Although our sensors do use microphones, because ambient noise is our enemy, we do everything we possibly can to suppress it. We’re only interested in impulsive noises—pops, booms, and bangs—and then we classify them to determine if they were gunshots or not. The only data we’re sending to police departments is that we’ve identified a gunshot. We have a very narrow field of view, if you will, about what we’re surveilling, which are criminal acts. When someone fires a gun in a community, that is a criminal act plain and simple. Our system uses a much lighter touch than almost any kind of video surveillance, which is always on, all the time, observing all manner of activities that have nothing to do with criminal acts. Our system is intelligent enough to only present to police departments incidents that we can say, after years and years of experience, are reasonably likely to be gunshots.

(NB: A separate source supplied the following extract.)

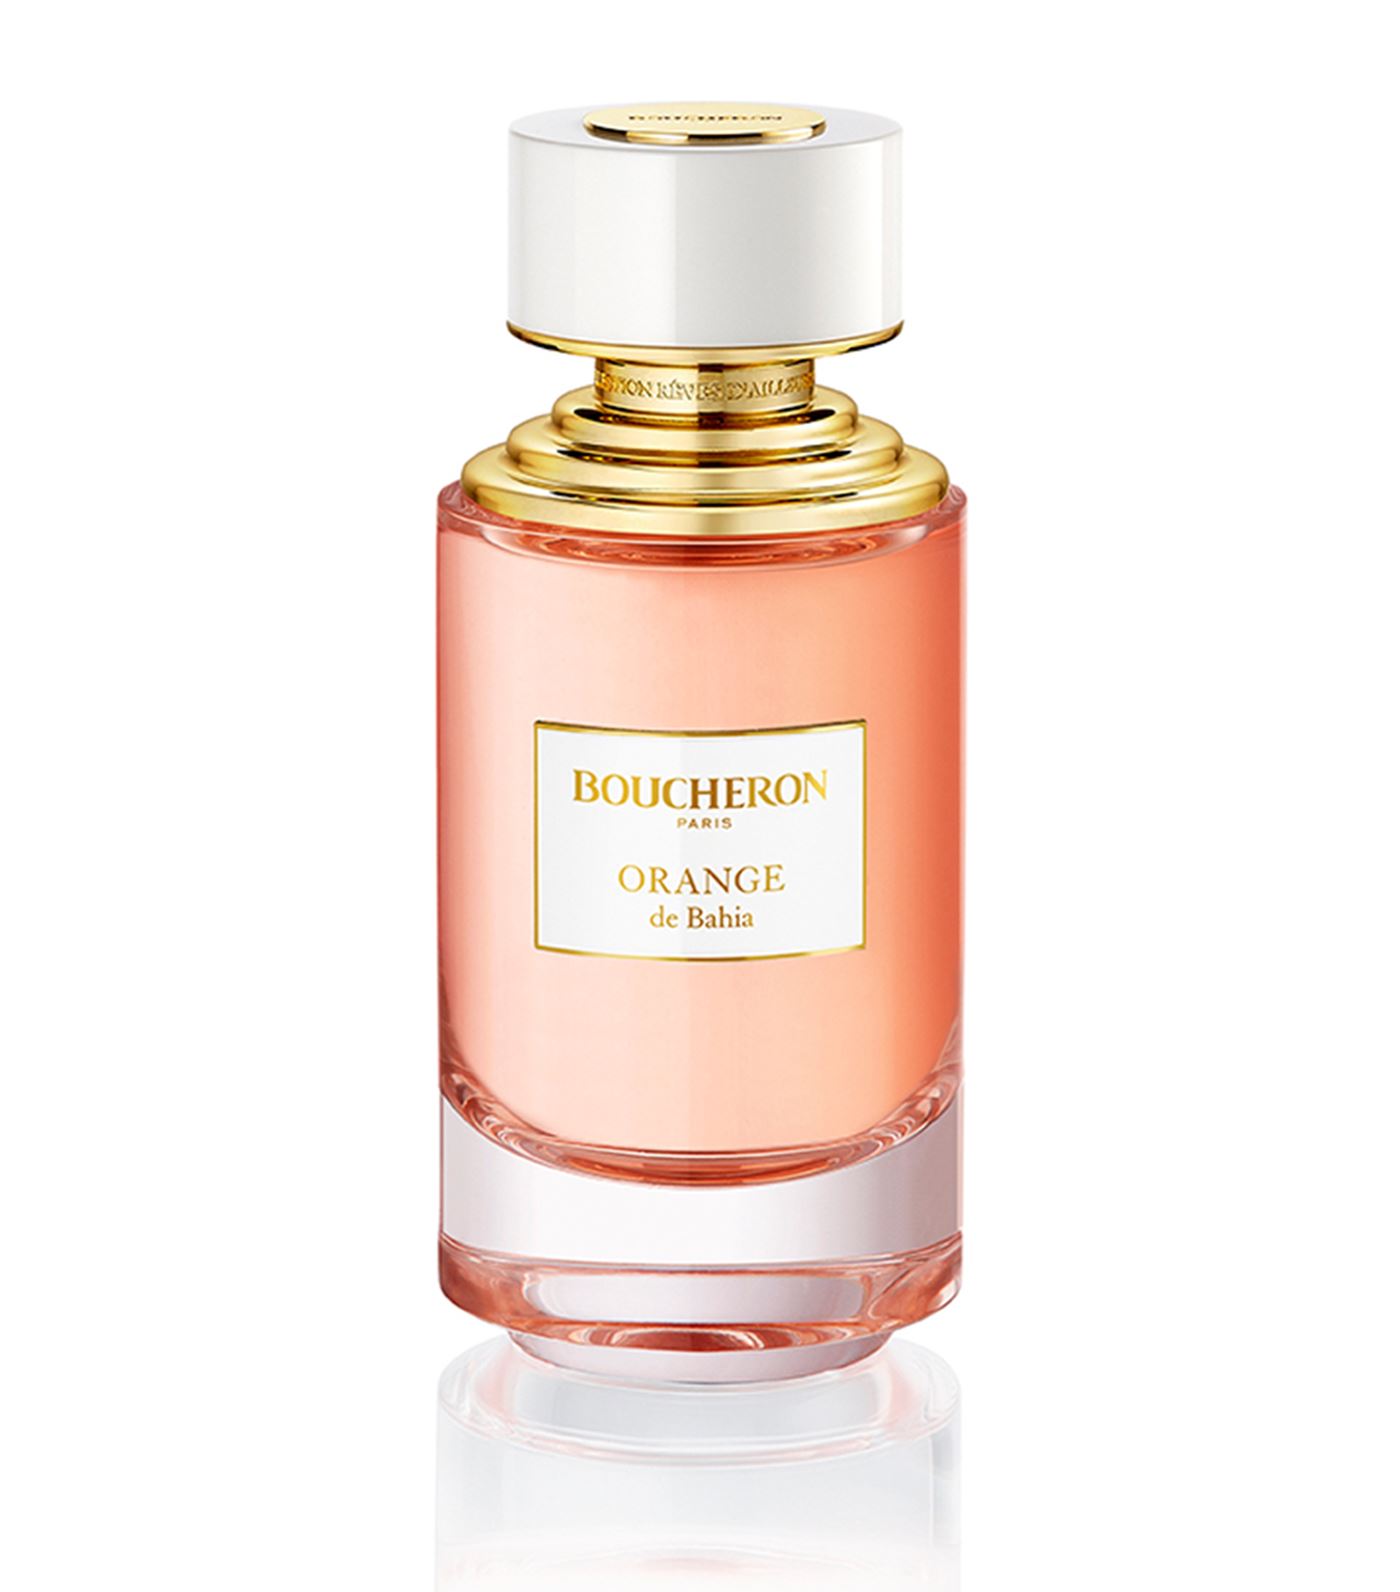 Orange De Bahia Boucheron perfume - a fragrance for women and men 2019

We only exist because it is highly inefficient and ineffective to rely on at-risk, underserved communities to report gunfire incidents to the police. For the 10 to 20 percent of the time these incidents actually do get called in, the call comes in three to five minutes after the gunshot actually happens since it takes a while for a 911 call to get routed to the right person in a dispatch center. Then we have someone saying “I think I heard gunshots,” but unless you actually see where a gunshot happens, you can’t give a precise location. If you take into account all the the ways acoustics can distort gunfire and fool the human ear, you simply aren’t going to be able to say where that gunshot happen. This means that when we do get reports, a lot of times it’s because someone sees a body in a street.

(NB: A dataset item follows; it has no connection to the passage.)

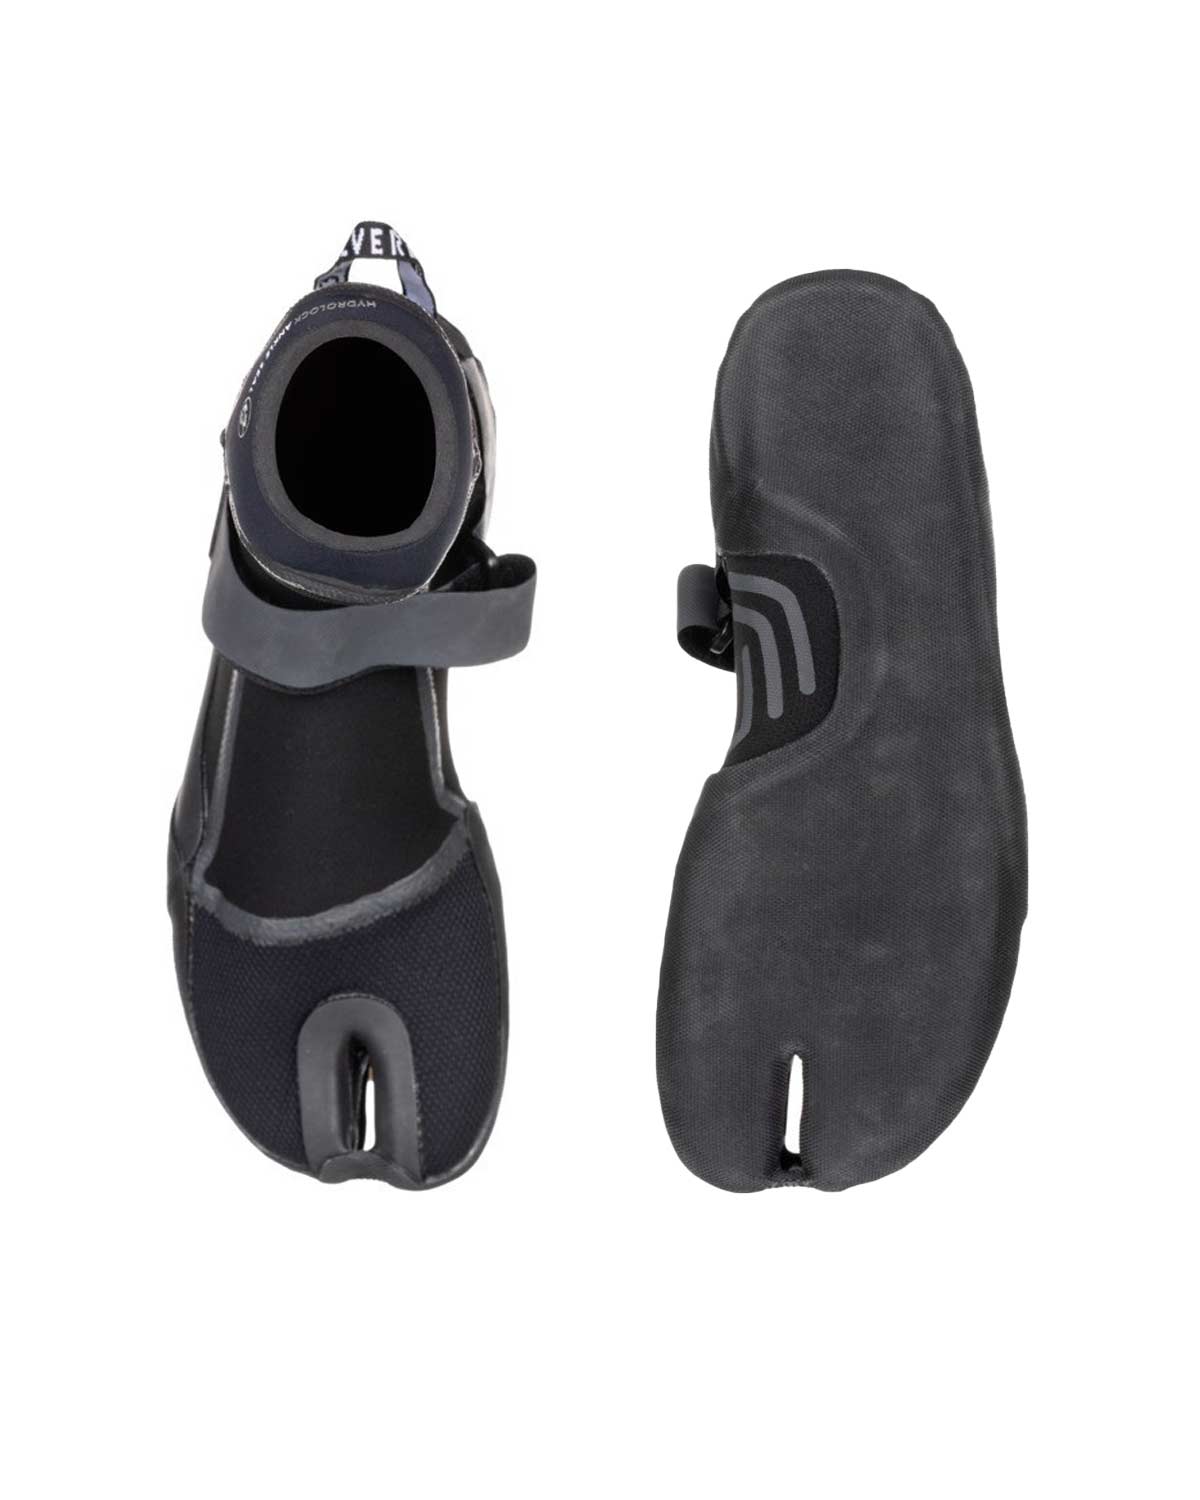 5mm Quiksilver MARATHON SESSIONS Boots | Wetsuit Wearhouse

That’s the value I think we’re contributing here because our aftertaste is very de minimis, if you will, since we’re only interested in impulsive noise so we can present gunshots to police departments.

New: Is ShotSpotter only able to detect gunshots outdoors? I imagine this kind of technology would be in high demand in large indoor public places such as malls or schools as well.

Clark: The short answer is yes—there are technologies out there that can detect indoor gunshots and we’ve developed technology to do that after being approached several times to do so. It’s important to keep in mind though that mass shooting events that take place indoors are of course very tragic, but also much less frequent than outdoor urban gunfire. Mass shootings get a lot of press coverage and can involve multiple deaths, but if you add up the deaths caused on a daily basis by outdoor gun violence, we have what equates to mass shootings happening in slow motion across entire cities and this just doesn’t get the same kind of attention. When you look at the frequency of shootings that take place indoors, they’re just not happening at the same scale as outdoor shootings, which result in 10,000 to 12,000 deaths per year.

The challenge with indoor gunshot detection is that there are more questions about overt surveillance, particularly in places where you want to protect freedom of expression. This is a little bit more challenging tradeoff between risk and reward. With our outdoor systems, we’re putting sensors up 30 feet in the air. But if you’re indoors, like in a classroom, a sensor could hear a lot more kinds of things.